The Federal District Court for Hawaii recently determined that no violations of the Employee Retirement Income Security Act of 1974, as amended (“ERISA”) were established by the U.S. Department of Labor (“DOL”) in a breach of fiduciary duty action it brought against an ESOP plan sponsor, its board of directors and the selling shareholders. (Walsh vs. Bowers, Civil No. 18-00155 SOM-WRP (D. Hawaii Sept. 17, 2021)
The case involved a transaction that closed in December 2012 in which an employee stock ownership plan (“ESOP”) established by the plan sponsor purchased all of the outstanding shares of stock of the plan sponsor from the shareholders for $40 million. The selling shareholders received written promissory notes from the ESOP that were guaranteed by the plan sponsor.

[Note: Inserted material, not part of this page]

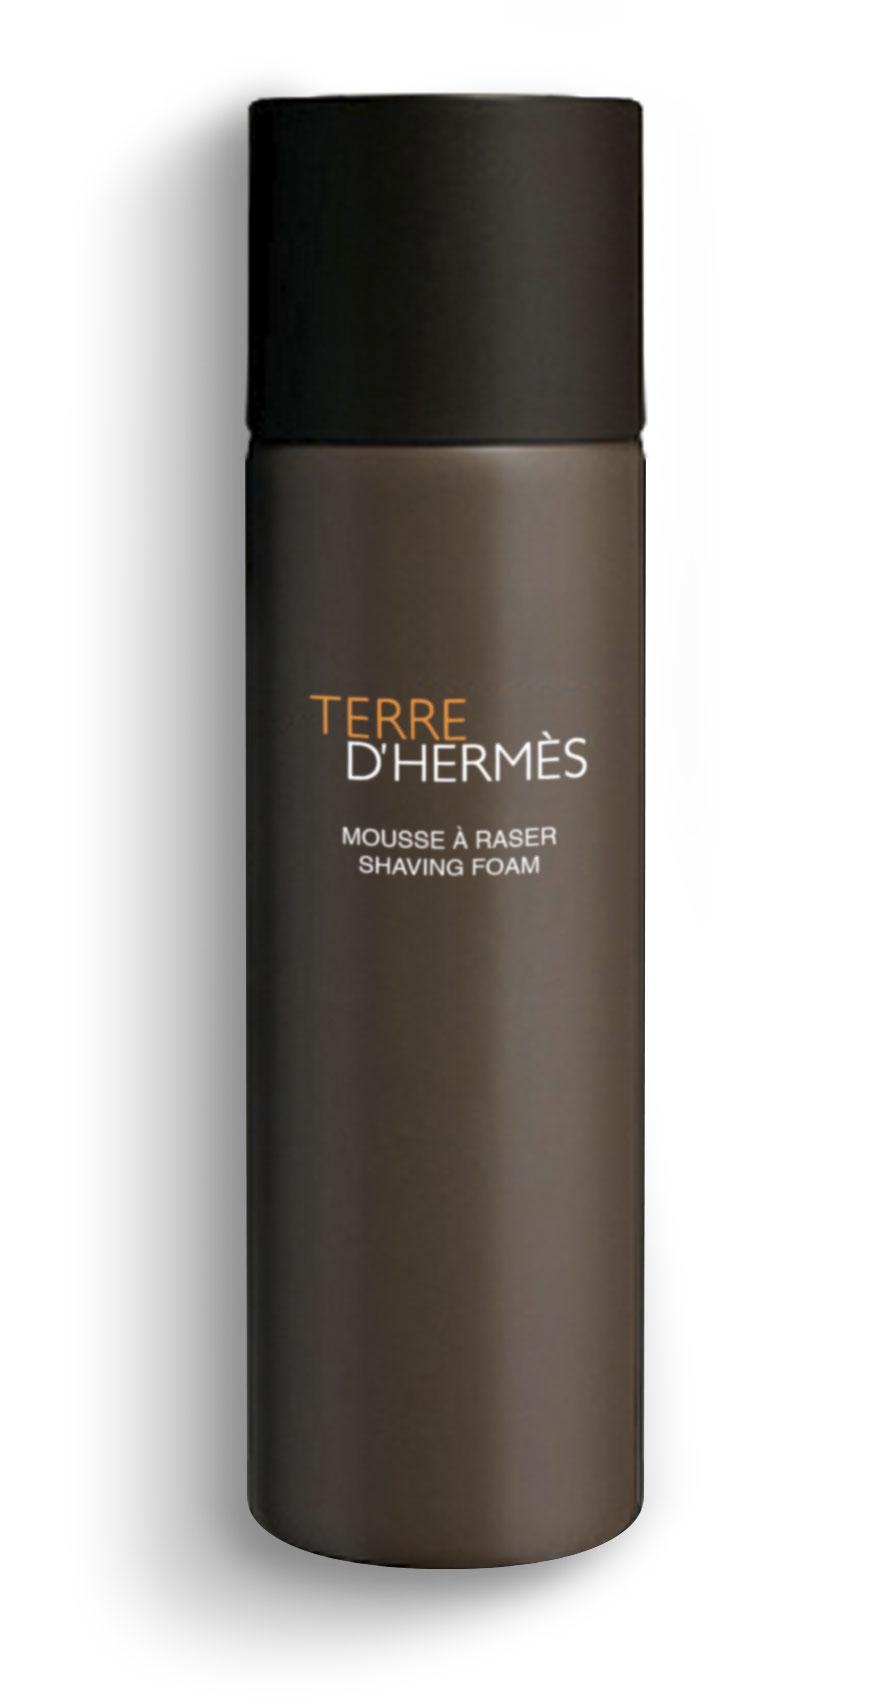 Hermès - Terre d'Hermès - Mousse à raser 200 ml.

Following the transaction, the DOL alleged that the ESOP overpaid for the stock and further alleged a breach of fiduciary duty by each of the ESOP’s trustee and the plan sponsor’s board of directors. Finally, the DOL alleged that the ESOP and the selling shareholders were involved in a non-exempt prohibited transaction.

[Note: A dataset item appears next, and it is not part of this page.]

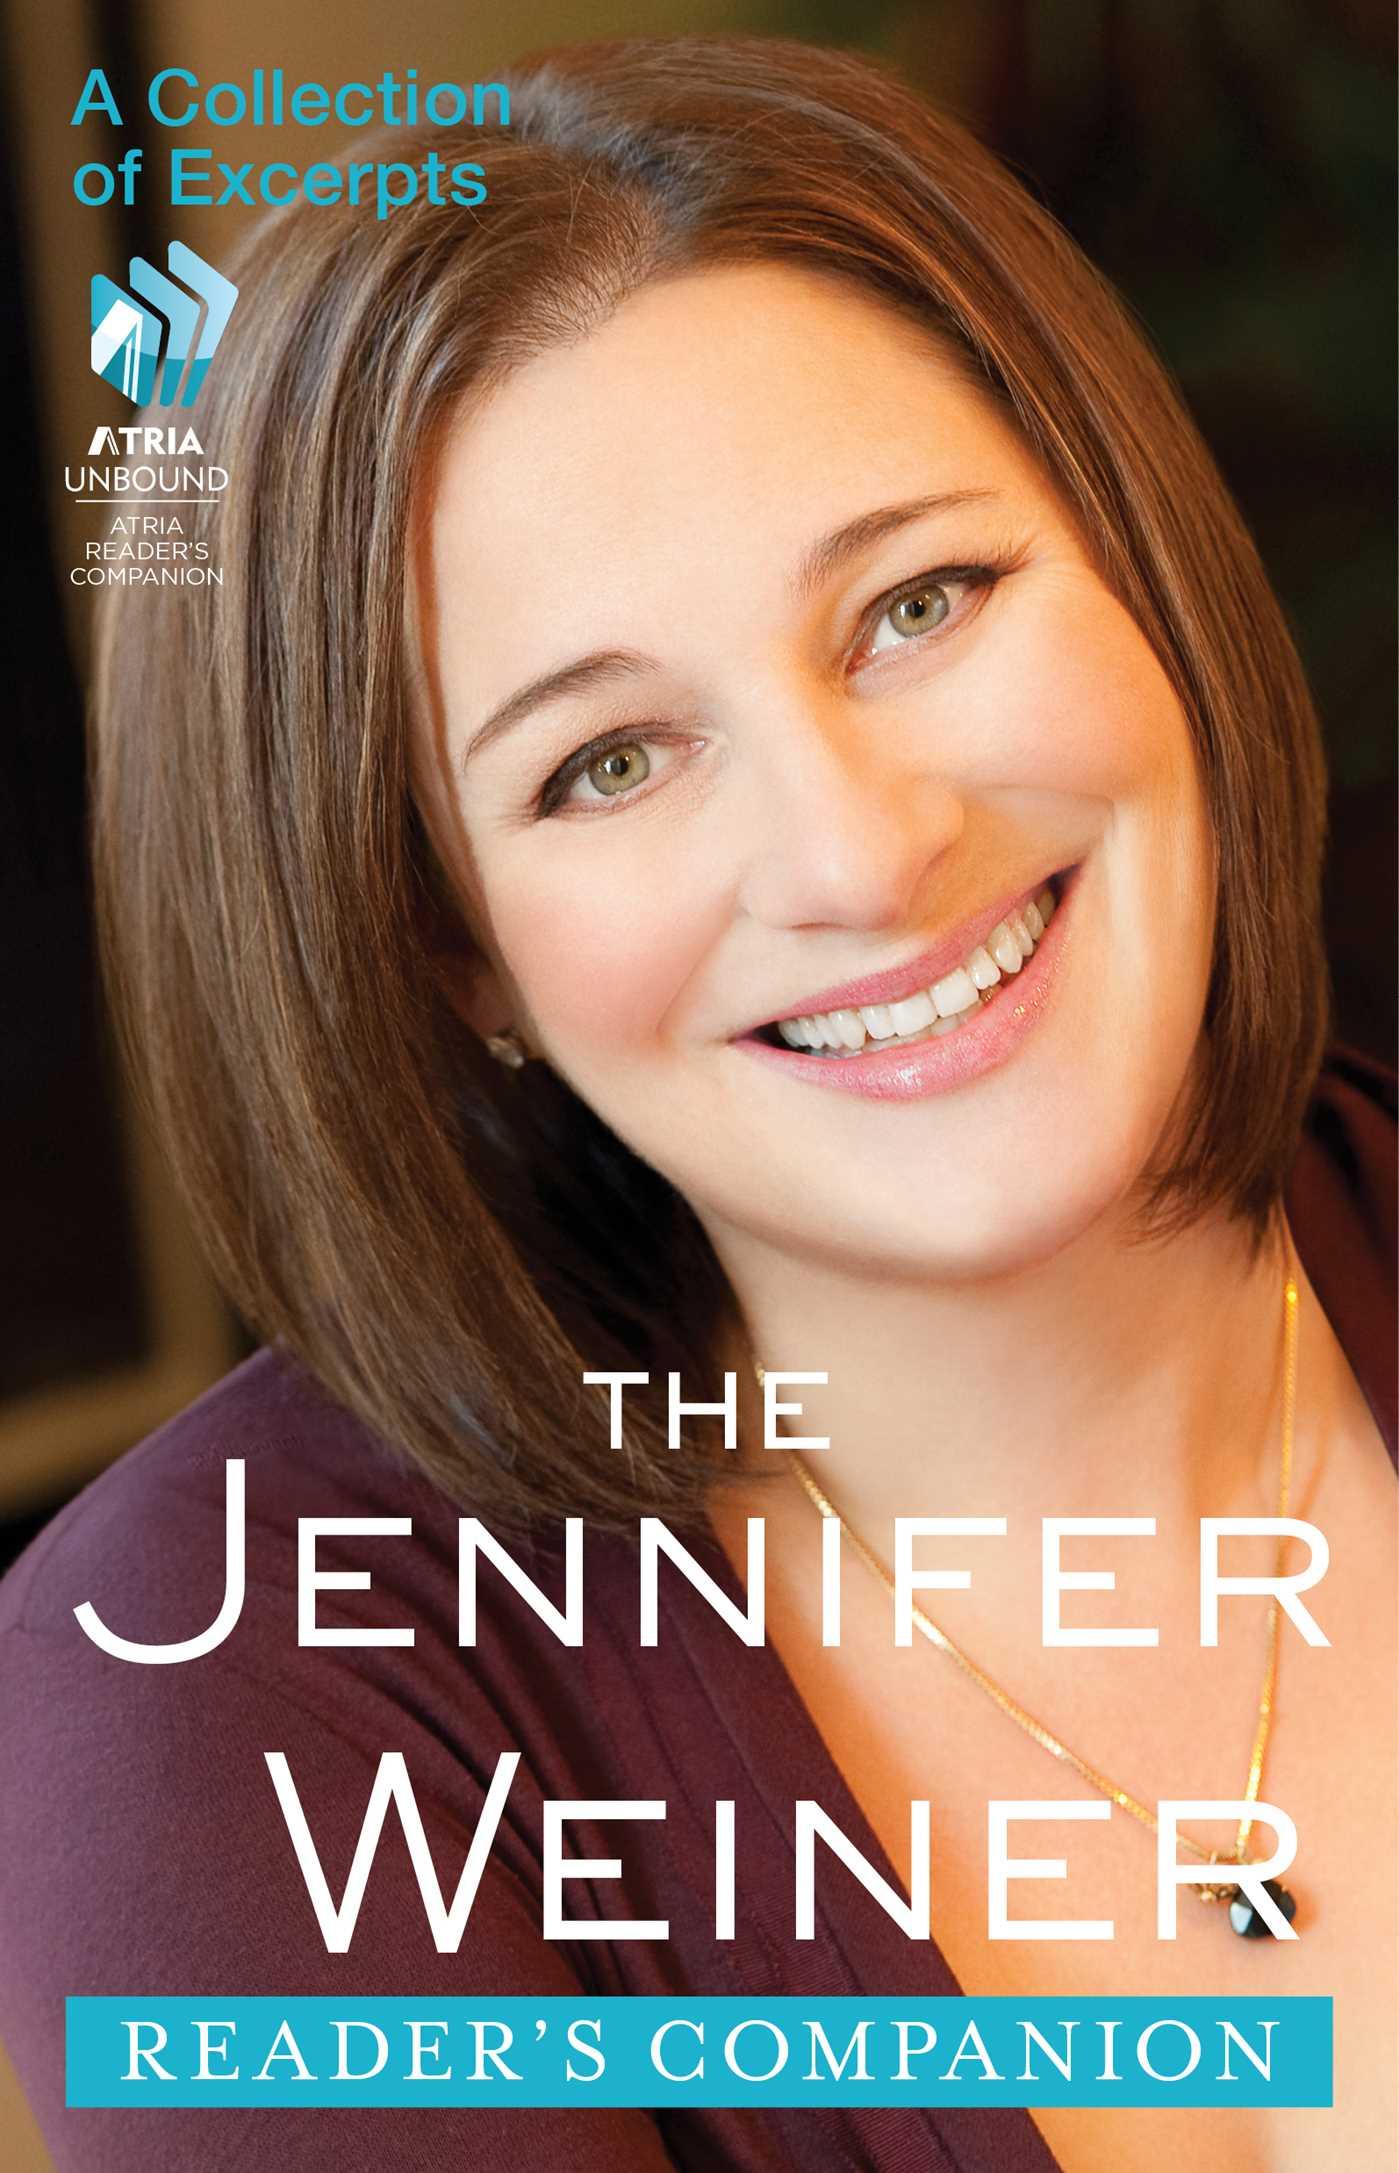 The jennifer weiner readers companion 9781451695700 hr

After a 5-day trial, the Court determined that no ERISA violations had been established by DOL. The Court analyzed the compelling expert testimony on valuation of the stock purchased by the ESOP as well as the process followed by the ESOP’s trustee in connection with the transaction. The Court determined that DOL had not established that the ESOP overpaid for the stock and that the Plan sponsor board of directors had not breached their fiduciary duties under ERISA. (The ESOP trustee settled with DOL prior to the trial).
Polsinelli shareholder Gregory Brown testified as a fiduciary process expert on behalf of the defendant directors and selling shareholders, together with valuation experts engaged by the trial defense law firm, contributing to the victory for the defendants.